Among the less common snakes seen during the migrations, Widowski says, are “The mud snakes. You don’t see them during the year because they’re underground in the mud, or the swamp. The milk snake is a really pretty snake but you don’t see a lot of them—even year‑round.”
This small knot of the 280,000‑acre Shawnee National Forest that stretches from the Ohio River in the east to the Mississippi River in the west is a precious ecological gem. In her book Hiking lllinois, Susan Post of the Illinois Natural History Survey writes that in this four‑square‑mile area, 1,200 plant species are found, or 35 percent of all known Illinois plant species. There is also 90 percent of the state’s known mammal species, including the rare bobcat and the eastern wood rat. Post calls this part of Illinois “Illinois’ biological Garden of Eden.”
“Vegetatively, it’s the meeting of the north, south, east, and west in the country,” Widowski says. “We have species here that are the eastern extent of western species, the western extent of eastern species, the southern of northern, and the northern of southern. It all comes together here.”
Before Order No. 08‑08, some locals made sport of how many snakes they could flatten with their vehicles. Collecting for the pet trade was also taking its toll on snake populations. “The term ‘amateur herpetologist’ scares me,” says Widowski. In 1998, concern for maintaining sustainable populations prompted the U.S.F.S. to issue a total ban on collecting throughout the 280,000‑acre Shawnee National Forest. But the fine for a first offense is only $100, and enforcement is sporadic at best. “You can wipe out a population fairly quickly,” Widowski says. It’s not like they produce hundreds of young. You take a mature female out of the population . . . that’s a big impact. Reptiles can be vulnerable certainly to overharvest and malicious killing. Timber rattlers have been overcollected and maliciously killed. People use them for belts and hat bands.”
According to the Survey’s field guide, a female timber rattlesnake produces six to ten young each year. “Predators of young include hawks, coyotes, skunks, foxes, and common kingsnakes. Most adult mortality is caused by vehicles and wanton killing by humans.”

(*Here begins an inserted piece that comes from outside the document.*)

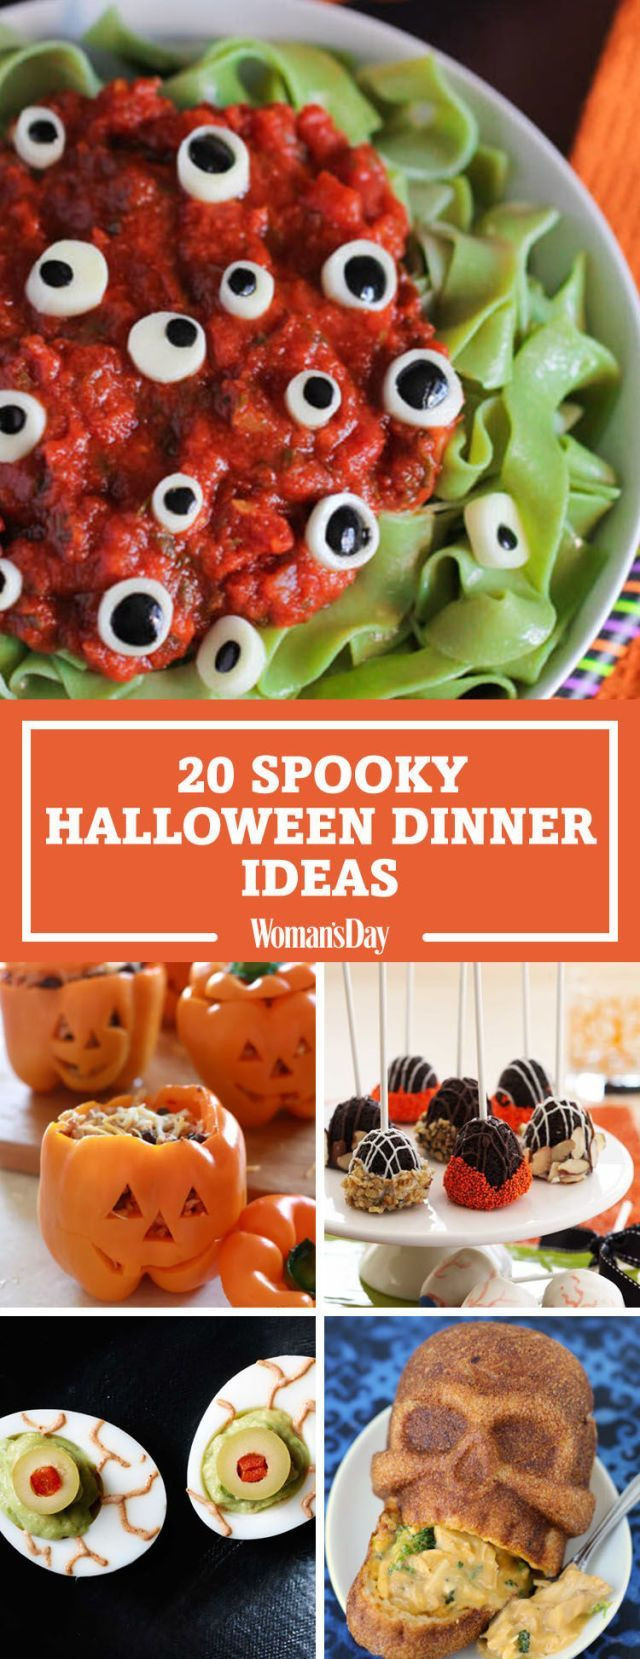 Fun Halloween Dinners Ideas
 25 Spooky Halloween Dinner Ideas

Widowski says that after almost three decades, local residents have accepted the road closure. “It’s gone on long enough; I think that the grumbling is over. Originally there was some grumbling. Obviously whenever you close any public road in southern Illinois it creates a stir with local folk, but they’ve lived with it; and it isn’t a big impact on anyone really.” The road reopens in the fall in time for waterfowl hunting.
Our hike produces ten sightings, most of those are duckweed‑drenched cottonmouths, some as thick in the girth as my arm. My favorite sighting was the Midland water snake, whose head rose like a periscope through a lily pad to observe us.
Widowski favors the rat snake. “I’ve got them living in my garage. There’s a freezer in there and they like the air from the compressor. My wife gets a little upset because they wrap around the rafters and fall asleep.”